_ABOUT THIS TASK_: Nothing but the text belongs in the answer: the listing below, copied exactly, without pictures.

_SUPPLIED DATA_:
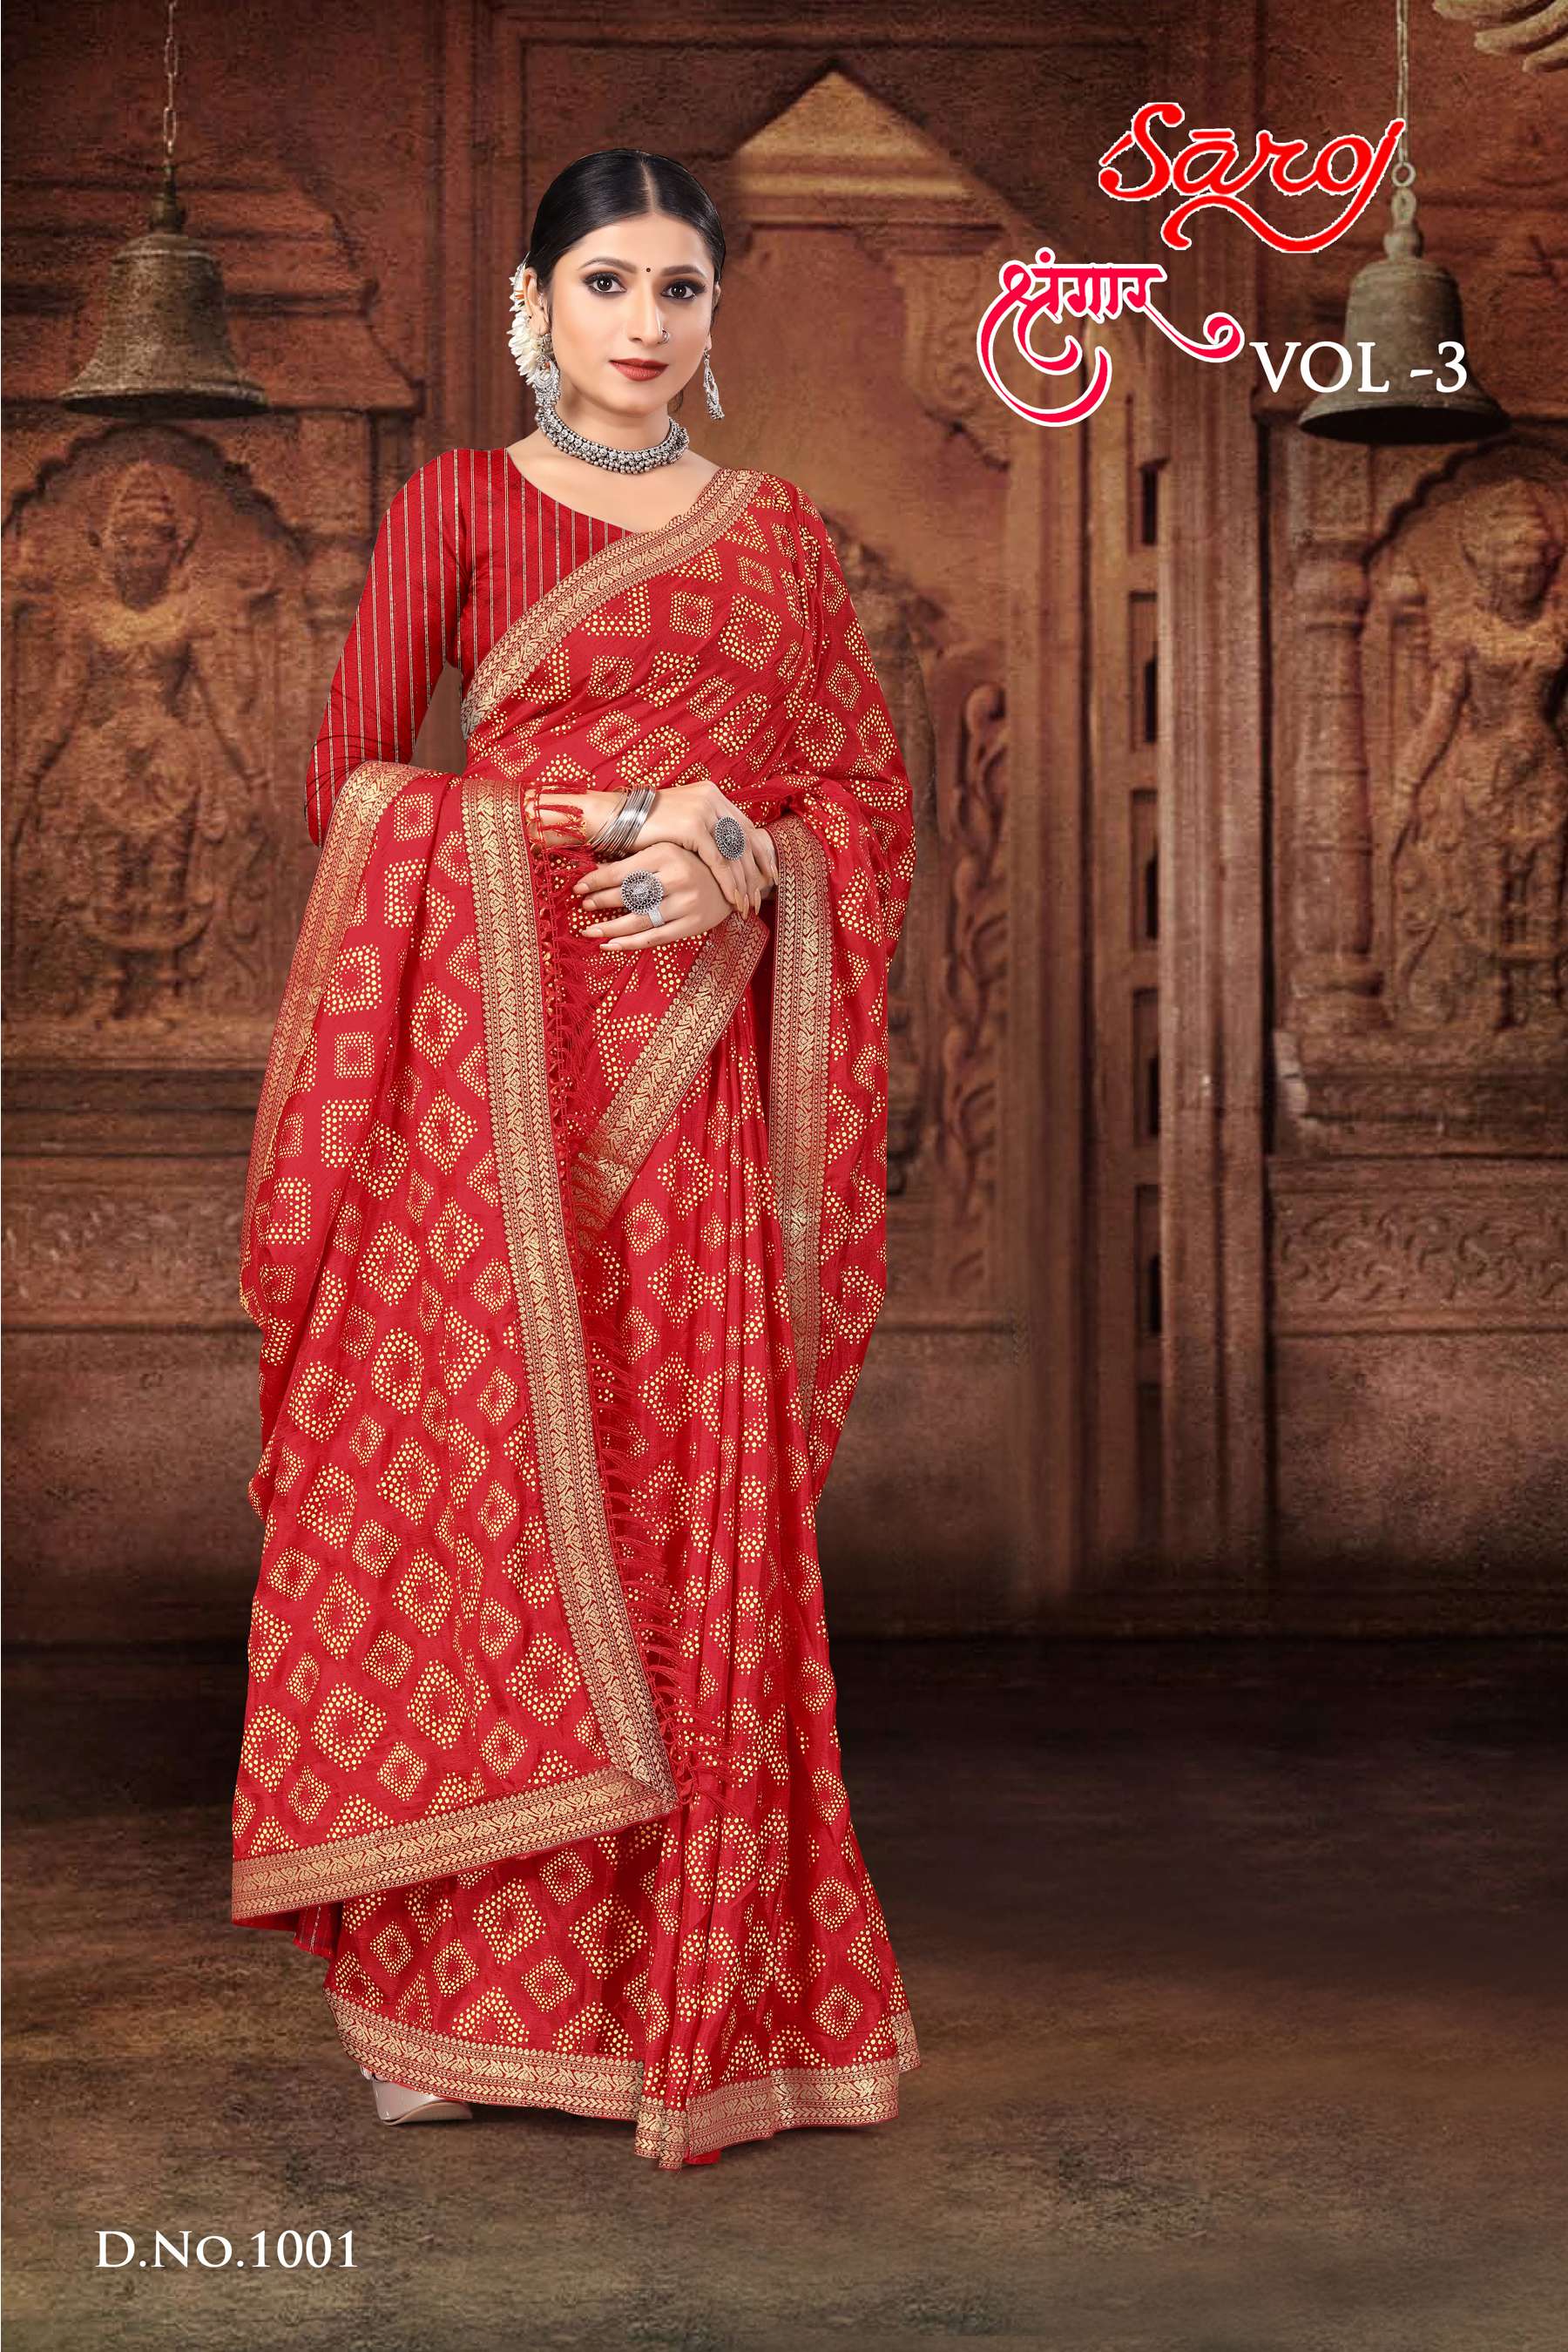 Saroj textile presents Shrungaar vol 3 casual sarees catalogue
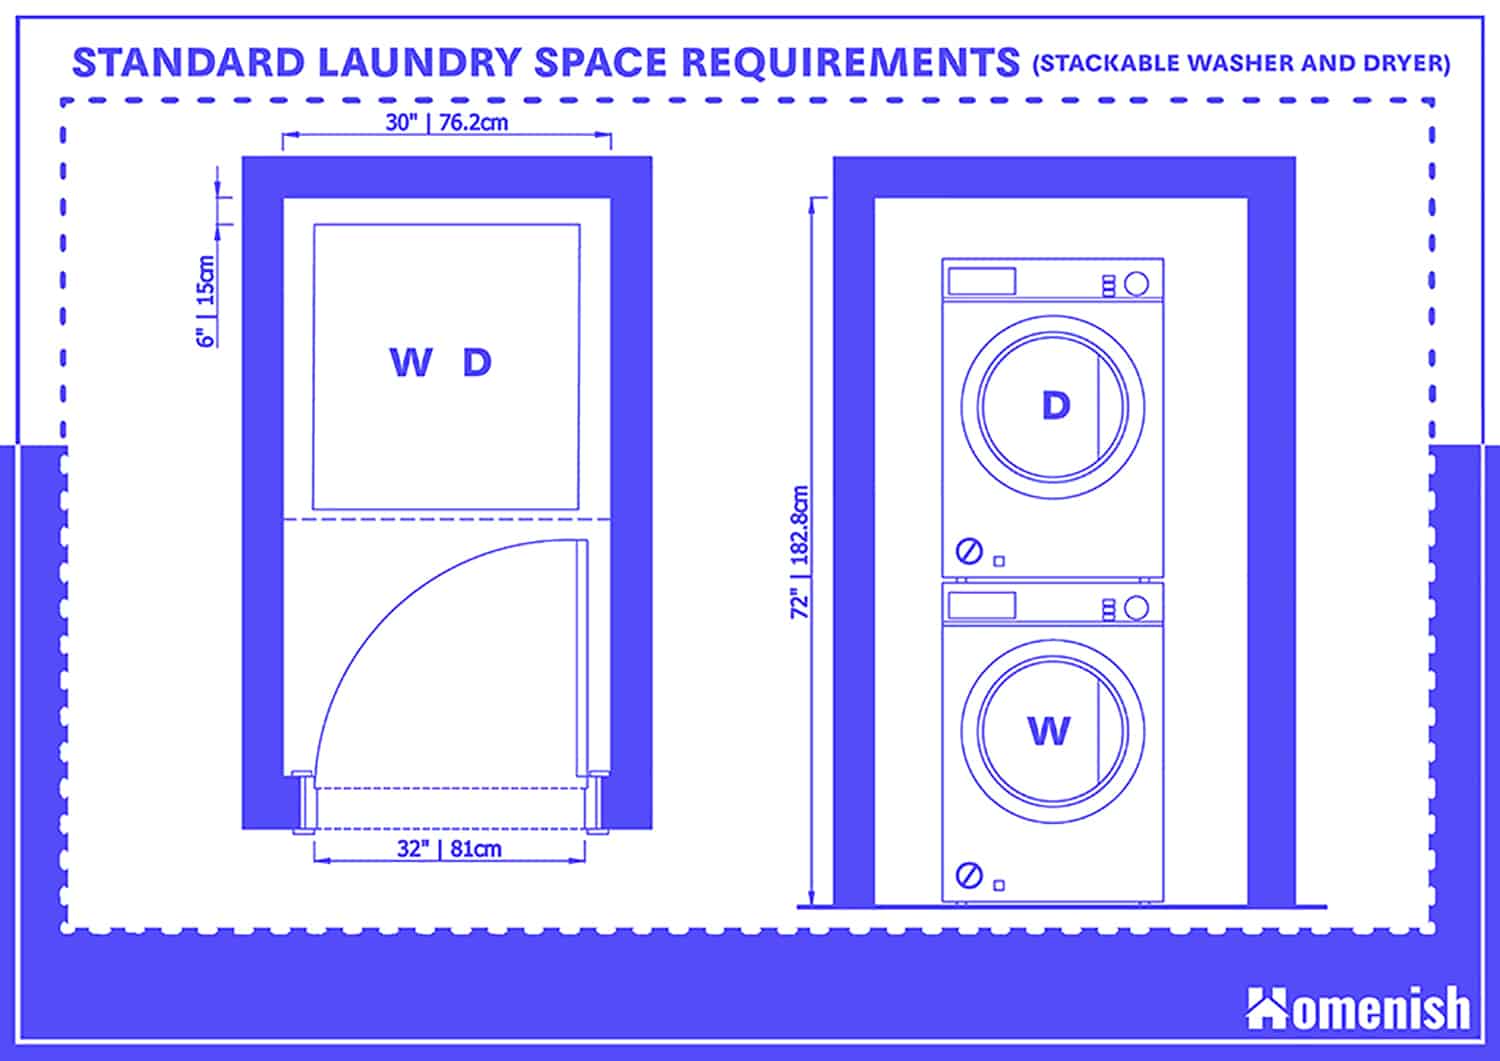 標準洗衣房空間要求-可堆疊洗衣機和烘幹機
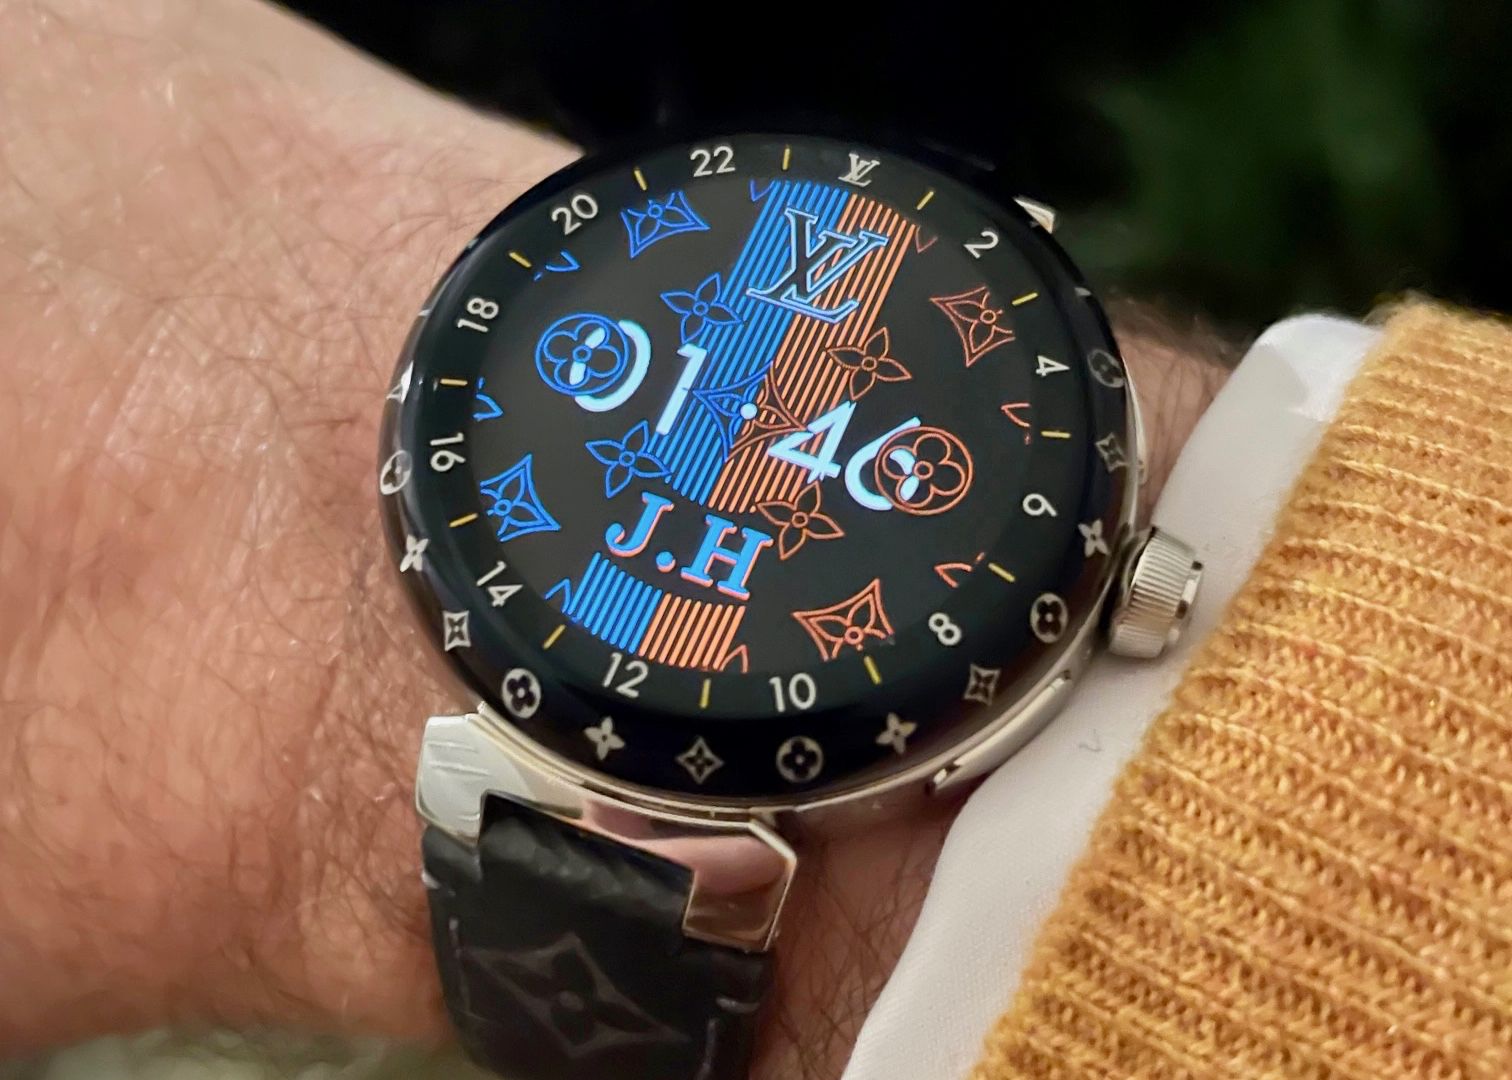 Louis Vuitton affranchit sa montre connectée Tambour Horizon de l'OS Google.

_COMPLETED EXERCISE_:
 Saroj textile presents Shrungaar vol 3 casual sarees catalogue
 標準洗衣房空間要求-可堆疊洗衣機和烘幹機
 Louis Vuitton affranchit sa montre connectée Tambour Horizon de l'OS Google.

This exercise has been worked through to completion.